Data excerpt =
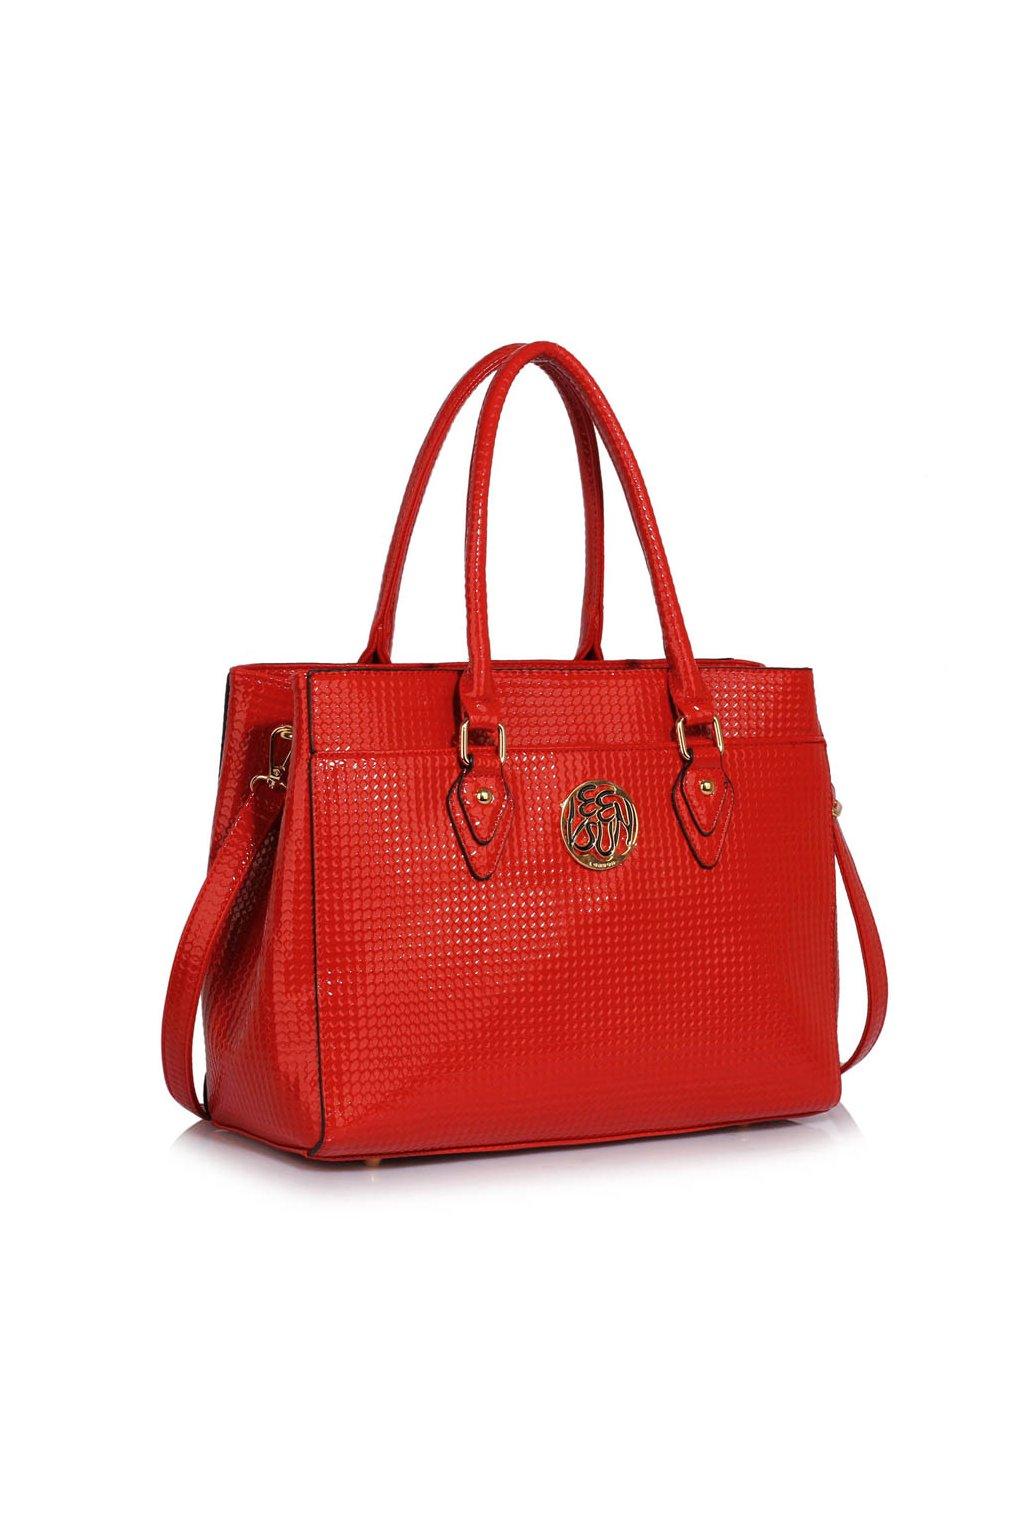 Trendová kabelka do ruky Rickie červená LS00511
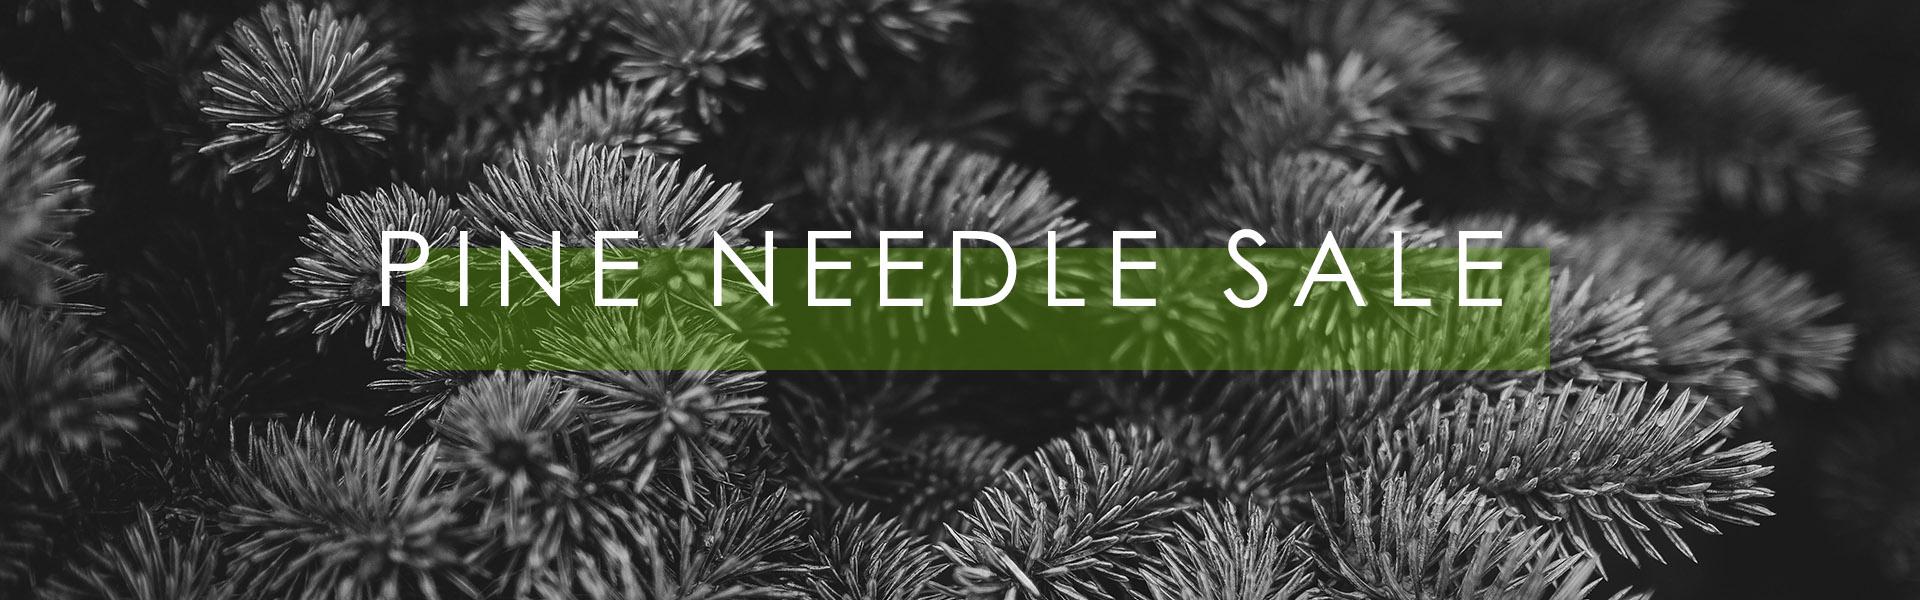 Pine Needle Sale
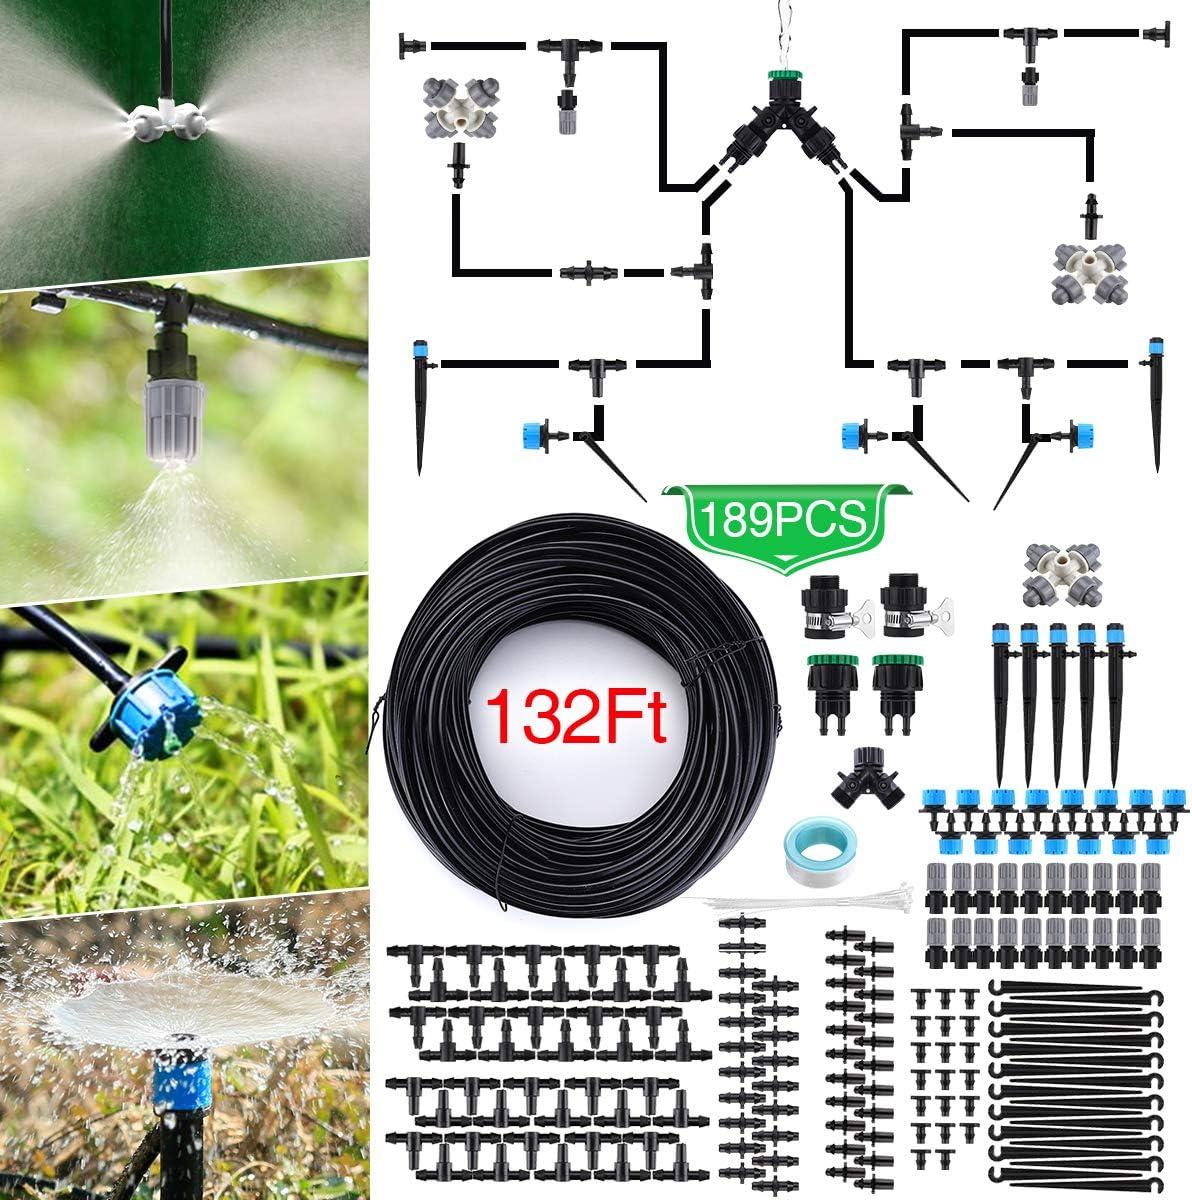 Jeteven 40M Sistema de Riego de Jardín, 189Pcs Kit Riego Goteo, Sistema de Riego Automatico por Goteo, para Jardines, Macizo de Flores, Plantas de Jardín

Task instructions = Nothing but an exact copy of the data above, minus its pictures, should appear in the response.

Exercise output =
 Trendová kabelka do ruky Rickie červená LS00511
 Pine Needle Sale
 Jeteven 40M Sistema de Riego de Jardín, 189Pcs Kit Riego Goteo, Sistema de Riego Automatico por Goteo, para Jardines, Macizo de Flores, Plantas de Jardín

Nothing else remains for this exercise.